# cast netting sheephead



## stinkeye (Mar 15, 2010)

I was down by Fort Morgan late last week and a gentleman showed up with a large cooler and cast net. I was soaking some shrimp and fiddlers with out much success and he explained to me what he was about to do and if I would mind him casting his net near where I was fishing. I said "have at it" as i wasn't catching much anyways and was curious to see how he makes out. He wades out and first toss, EIGHT sheepies in a ten foot net, next throw two nice mullet. After that it slowed down for him but he exclaimed that when the sheepies are in there he usually gets 8-12 each throw!
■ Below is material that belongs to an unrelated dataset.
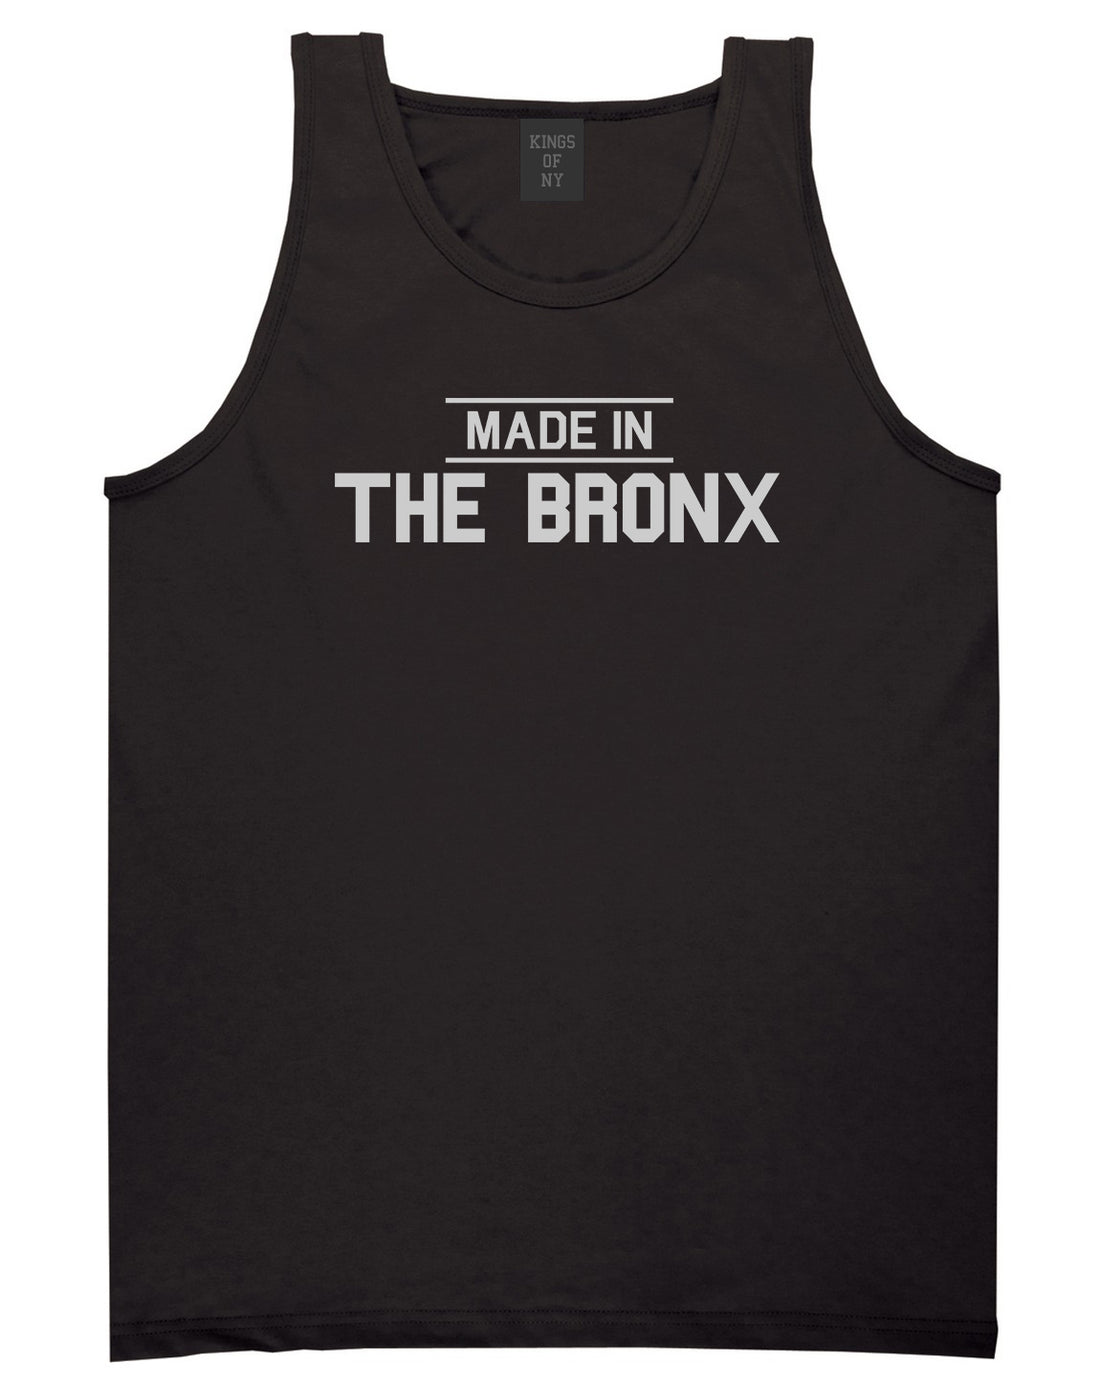 Made In The Bronx Mens Tank Top Shirt Black by Kings Of NY

I asked him what the limit is as he told me that he usually fills up the cooler in short order. I'm not trying to get him in any trouble but was curious about the limit. He claimed he called the Alabama fish and game and they said that sheephead aren't listed as a species in the regs. so there for there is no limit on them. I thought I had read that there was a ten fish limit. What is the consensus? i think next time I'll bring a net along if I'm hungry!


----------



## stinkeye (Mar 15, 2010)

Also forgot to mention, he did pull in a Red about 18" and that was kept as well, wondering what the ruling is on that as well.


----------



## dsar592 (Oct 12, 2007)

http://www.legislature.state.al.us/CodeofAlabama/1975/coatoc.htm

go to this link and look under title 9. related codes are 9-11-87, 9-11-83, 9-11-82. I would say that based on those codes, he was legal in catching those fish. There is no limit on sheep head in alabama. But as far as the red is concerned it would need to be between 16-26 inches and one fish over 26 inches is allowed. another good site is outdooralabama.com.


----------



## dsar592 (Oct 12, 2007)

also might want to read 9-11-53.1. Many people think that a fishing license only applies to a rod and reel and if you read this you will see that it applies to a lot more.


----------